For example, when the toilet seat heater 450 reaches an unexpected abnormal temperature, the energization is temporarily stopped by opening the return thermostat 450Q. The return thermostat 45
When the toilet seat heater 450 reaches a dangerous temperature due to a failure or the like of 0Q, the non-returnable thermostat 450Q is opened, thereby interrupting the supply of power.

  Here, it is desirable that the operating temperature setting of the thermostat 450Q or the thermal fuse for preventing overheating is set lower than the temperature at which it is actually desired to shut off. The toilet seat having the configuration described in the present embodiment has a high rate of temperature increase. Therefore, depending on the operating speed of the safety device (for example, the thermostat 450Q or the thermal fuse), the toilet seat surface may be at a temperature higher than the preset temperature at the timing when the energization is actually stopped. Because there is. Of the human skin, the skin of the buttocks and thighs that are not normally exposed are more sensitive than the skin of other parts. Thereby, a higher safety design as described above becomes important.

(3-e) Fourth Example of Toilet Seat Part FIG. 11 is a plan view of the toilet seat heater 450 of the toilet seat part 400 of the fourth example.

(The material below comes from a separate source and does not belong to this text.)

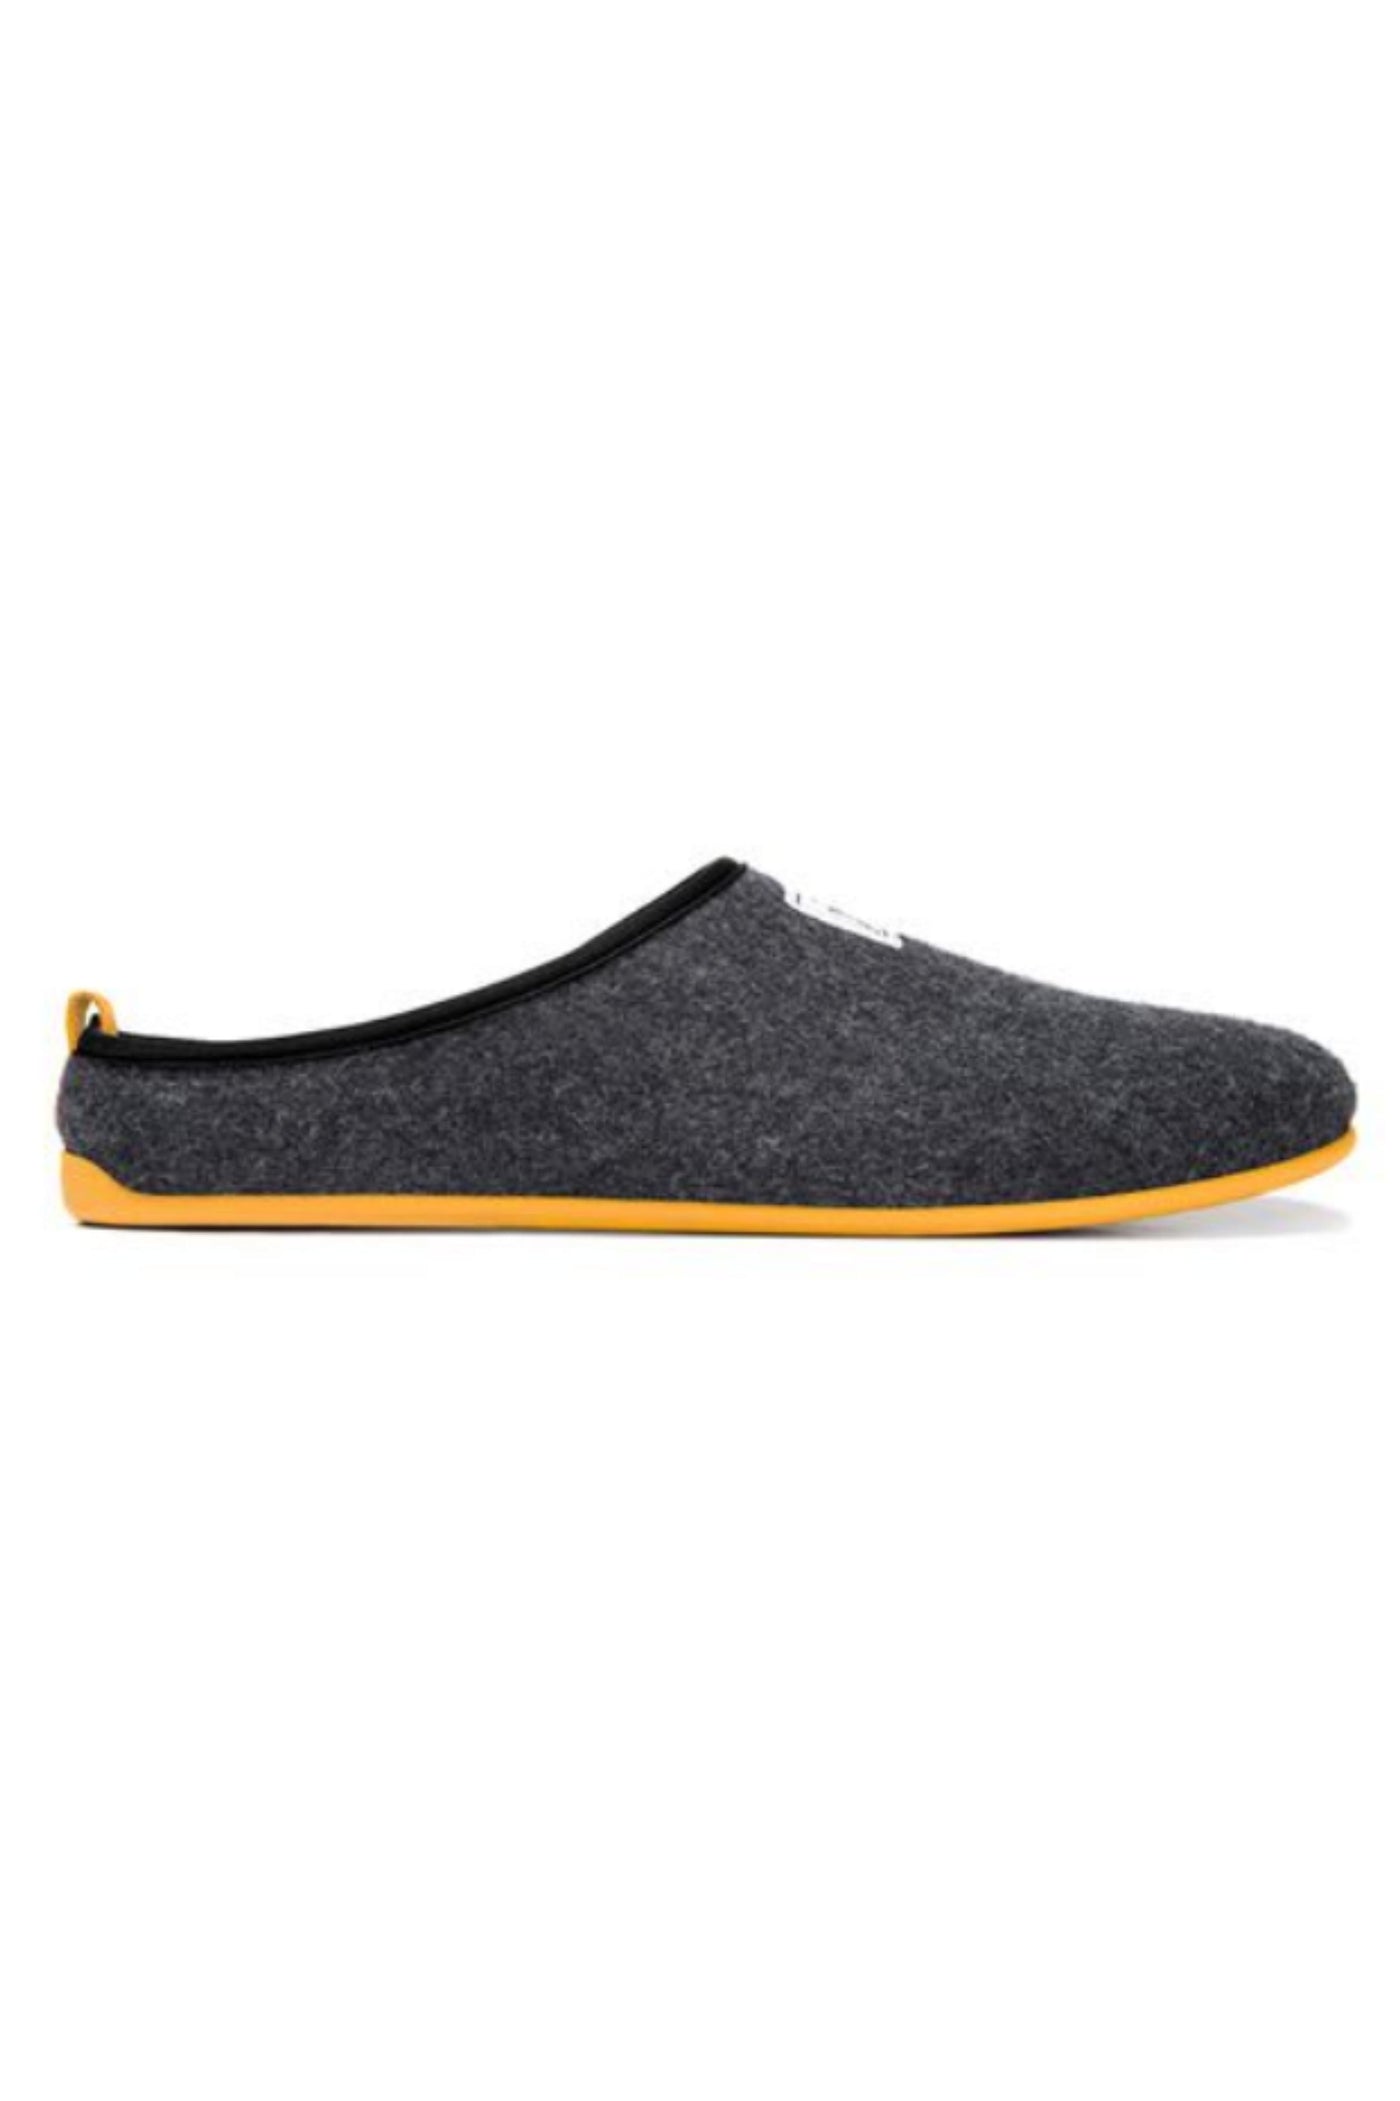 Mercredy Black & Yellow Slippers-Mens-Ohh! By Gum - Shop Sustainable

  As shown in FIG. 11, a linear heater 460 arranged in a region from the sheet center portion SE3 to the left sheet one end portion SE1, and a linear shape arranged in a region from the sheet center portion SE3 to the other sheet end portion SE2. The heater 460 is separated from each other.

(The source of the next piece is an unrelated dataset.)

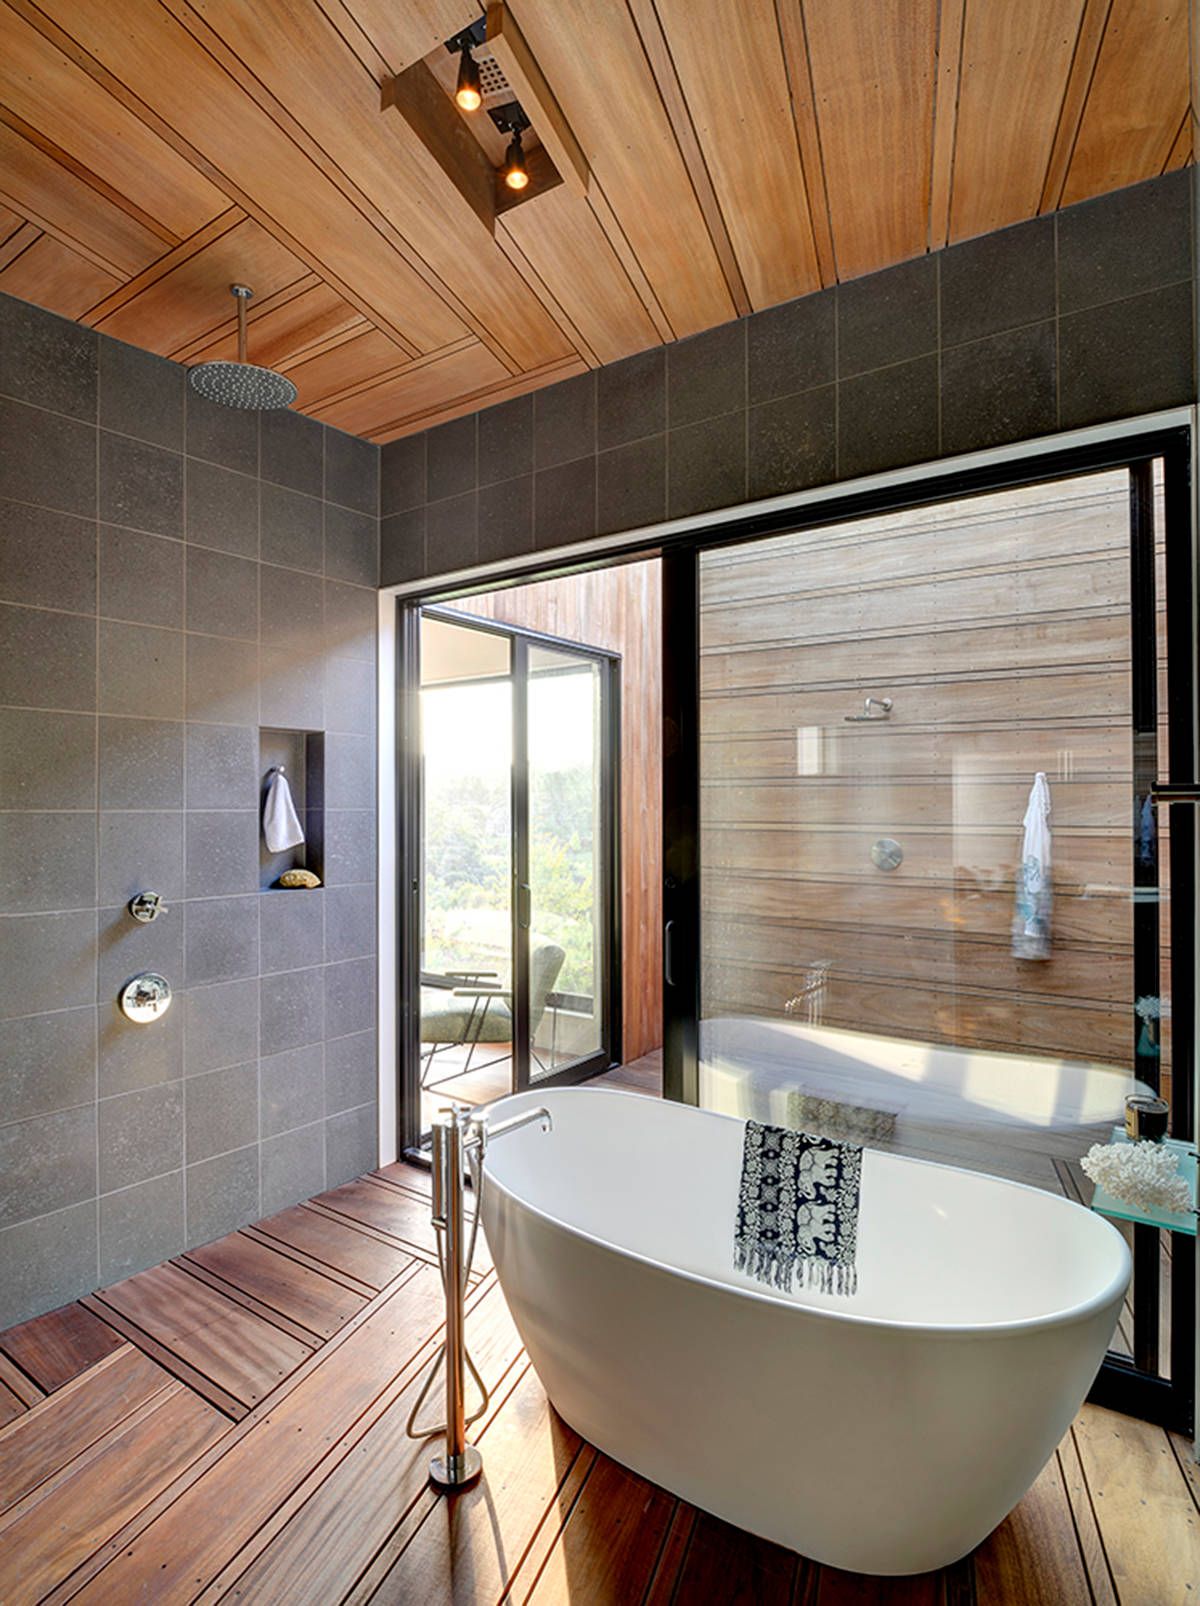 Modern-bathroom-of-New-York-home-in-gray-and-wood-with-freestanding-bathtub-and-rainfall-shower-54561

  The heater start end portion 460a and the heater end portion 460b of the one linear heater 460 are connected to lead wires 470 drawn from one side of the rear portion of the toilet seat 400, respectively. The heater start end portion 460 c and the heater end portion 460 d of the other linear heater 460 are respectively connected to lead wires 470 drawn from the other side of the rear portion of the toilet seat 400.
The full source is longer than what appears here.